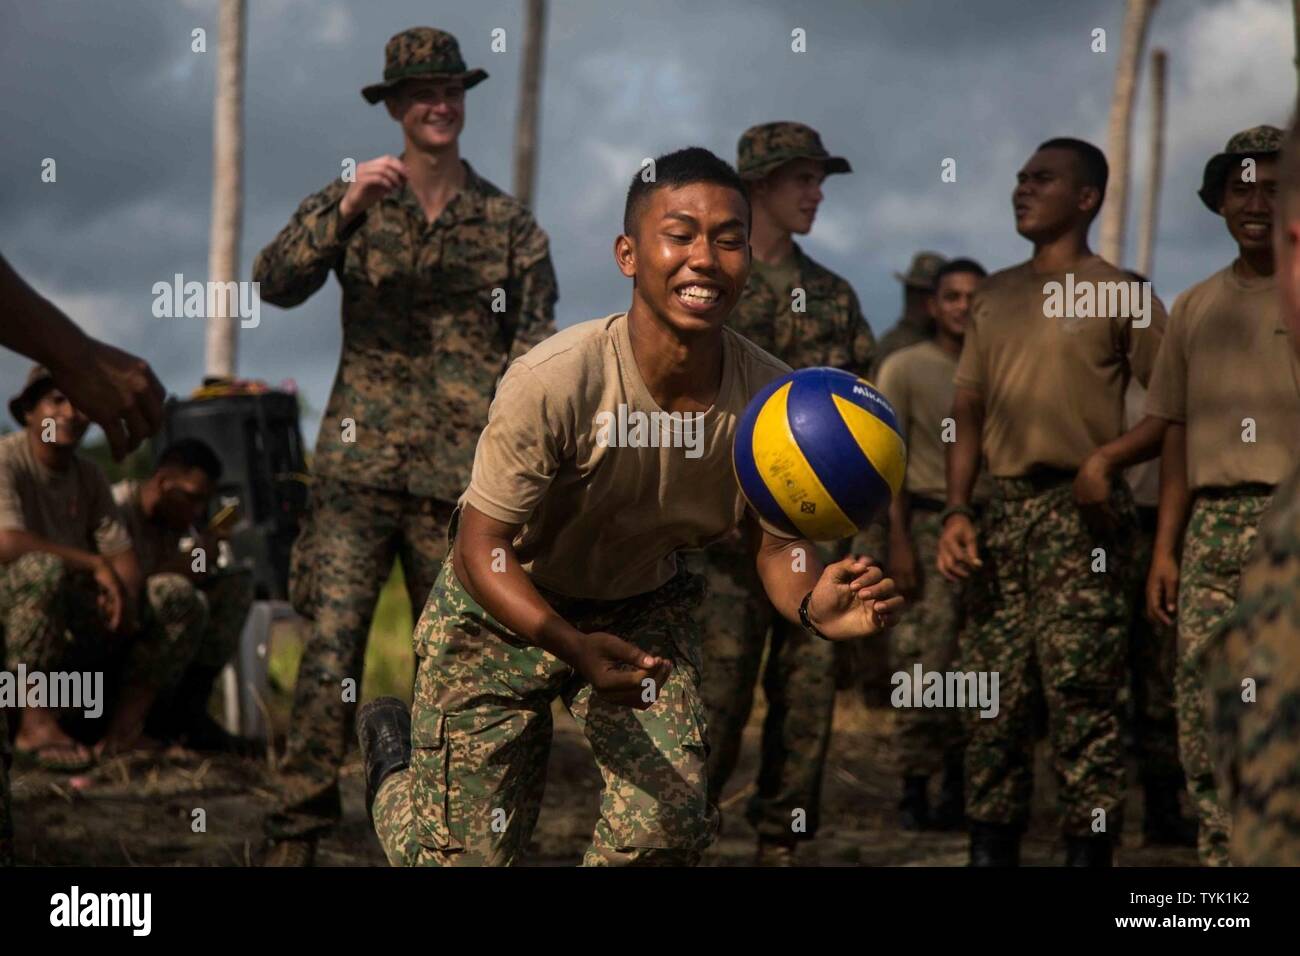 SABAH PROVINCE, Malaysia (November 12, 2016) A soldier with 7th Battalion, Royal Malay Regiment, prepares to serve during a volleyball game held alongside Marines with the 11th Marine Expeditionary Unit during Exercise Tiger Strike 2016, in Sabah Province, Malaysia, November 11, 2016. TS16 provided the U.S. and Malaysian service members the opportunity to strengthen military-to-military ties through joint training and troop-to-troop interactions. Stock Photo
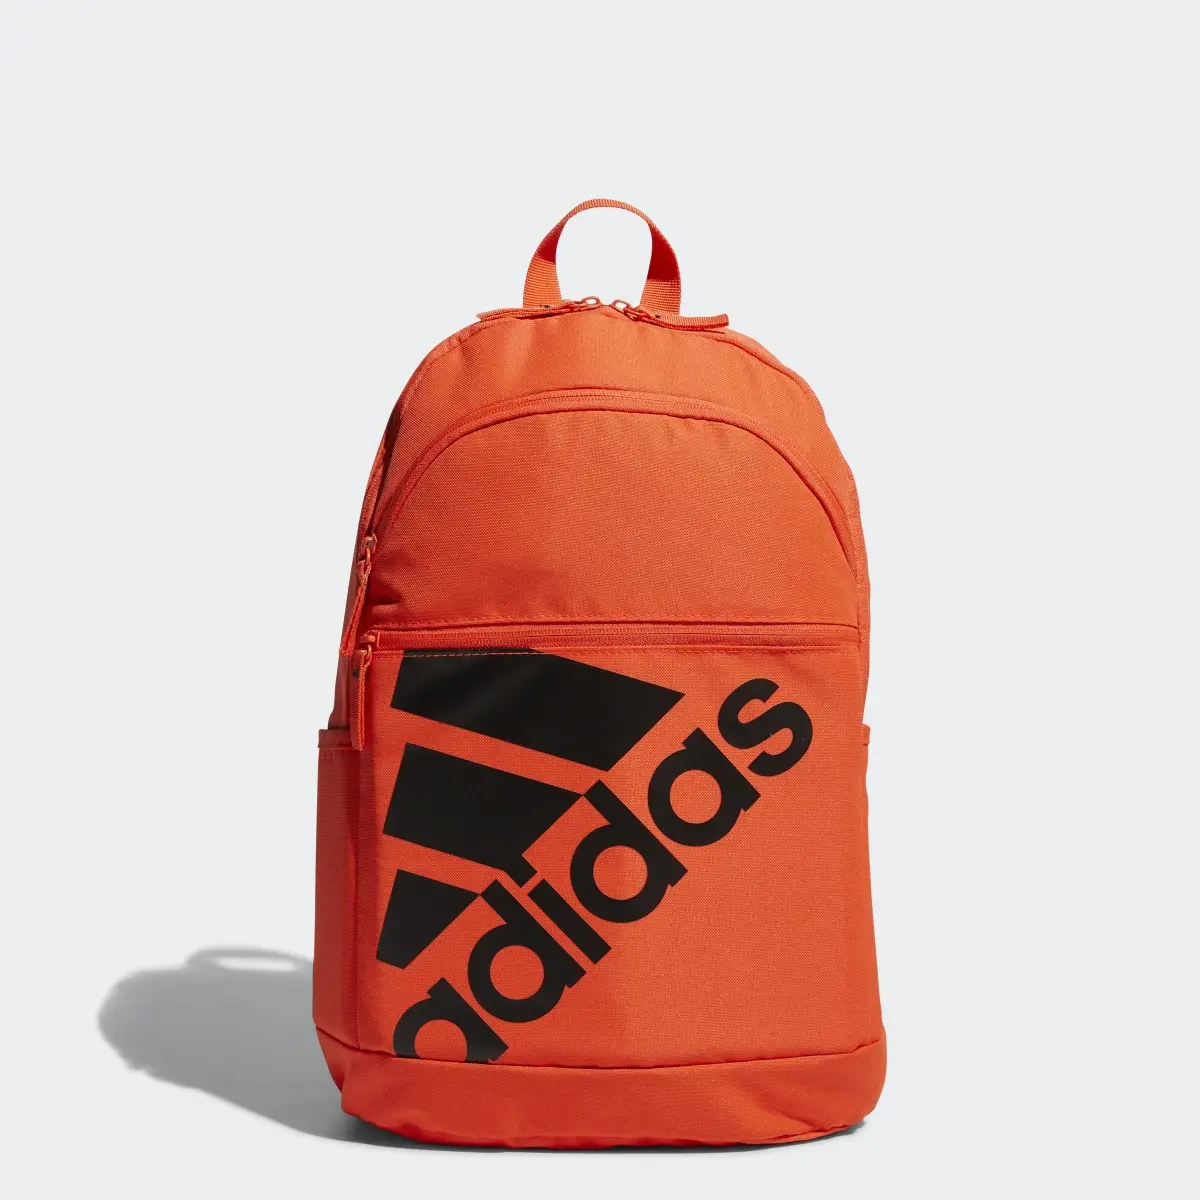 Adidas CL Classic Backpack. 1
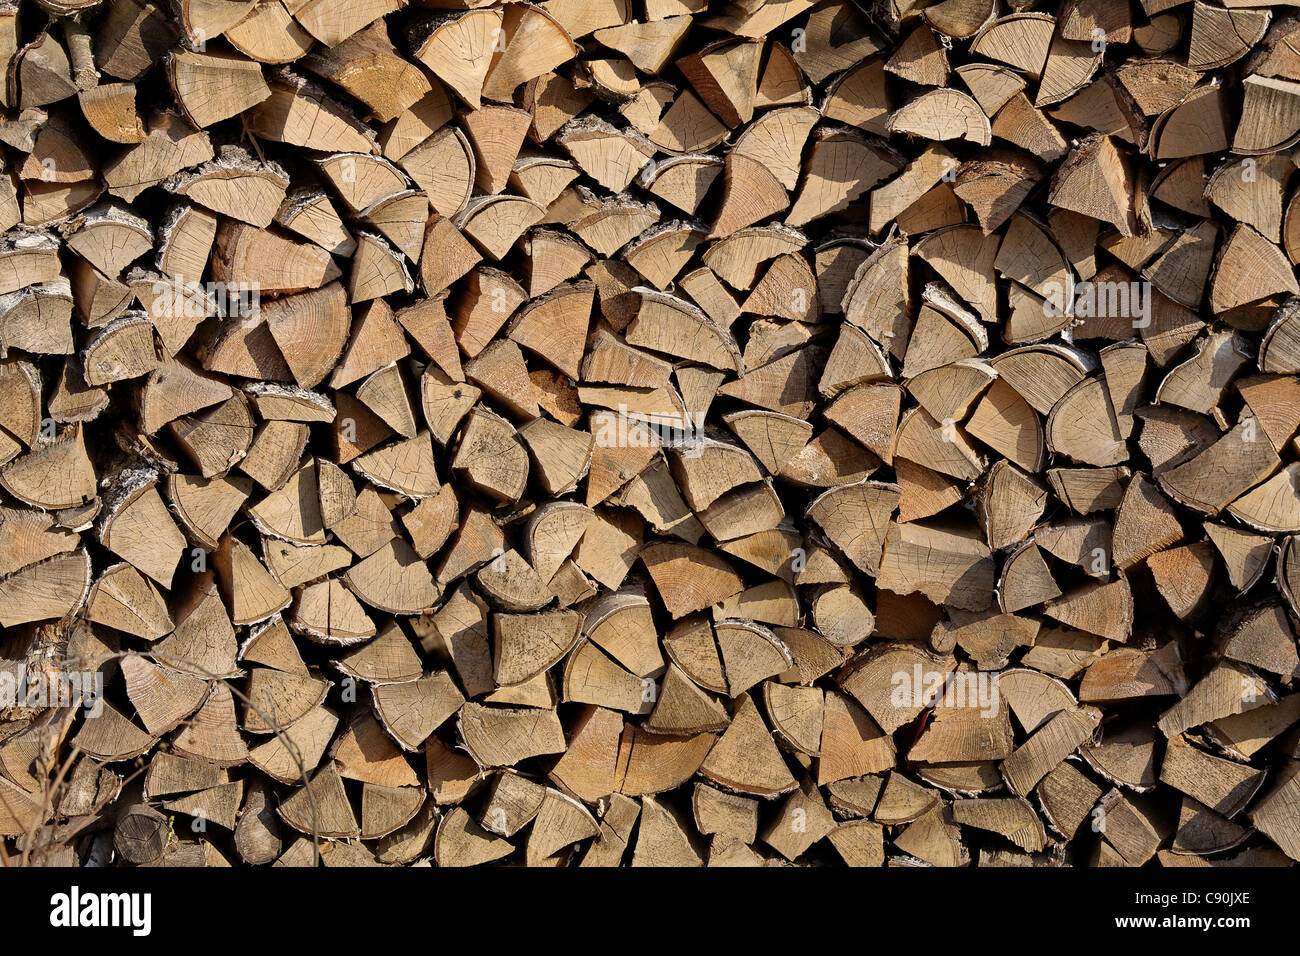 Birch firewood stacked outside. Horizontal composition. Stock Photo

# # # # #

• **Description of the task**: Restate word for word the lines above that start at the line containing "Adidas CL Classic Backpack. 1" and run to the end of the listing; exclude the pictures.

• **Answer section**:
 Adidas CL Classic Backpack. 1
 Birch firewood stacked outside. Horizontal composition. Stock Photo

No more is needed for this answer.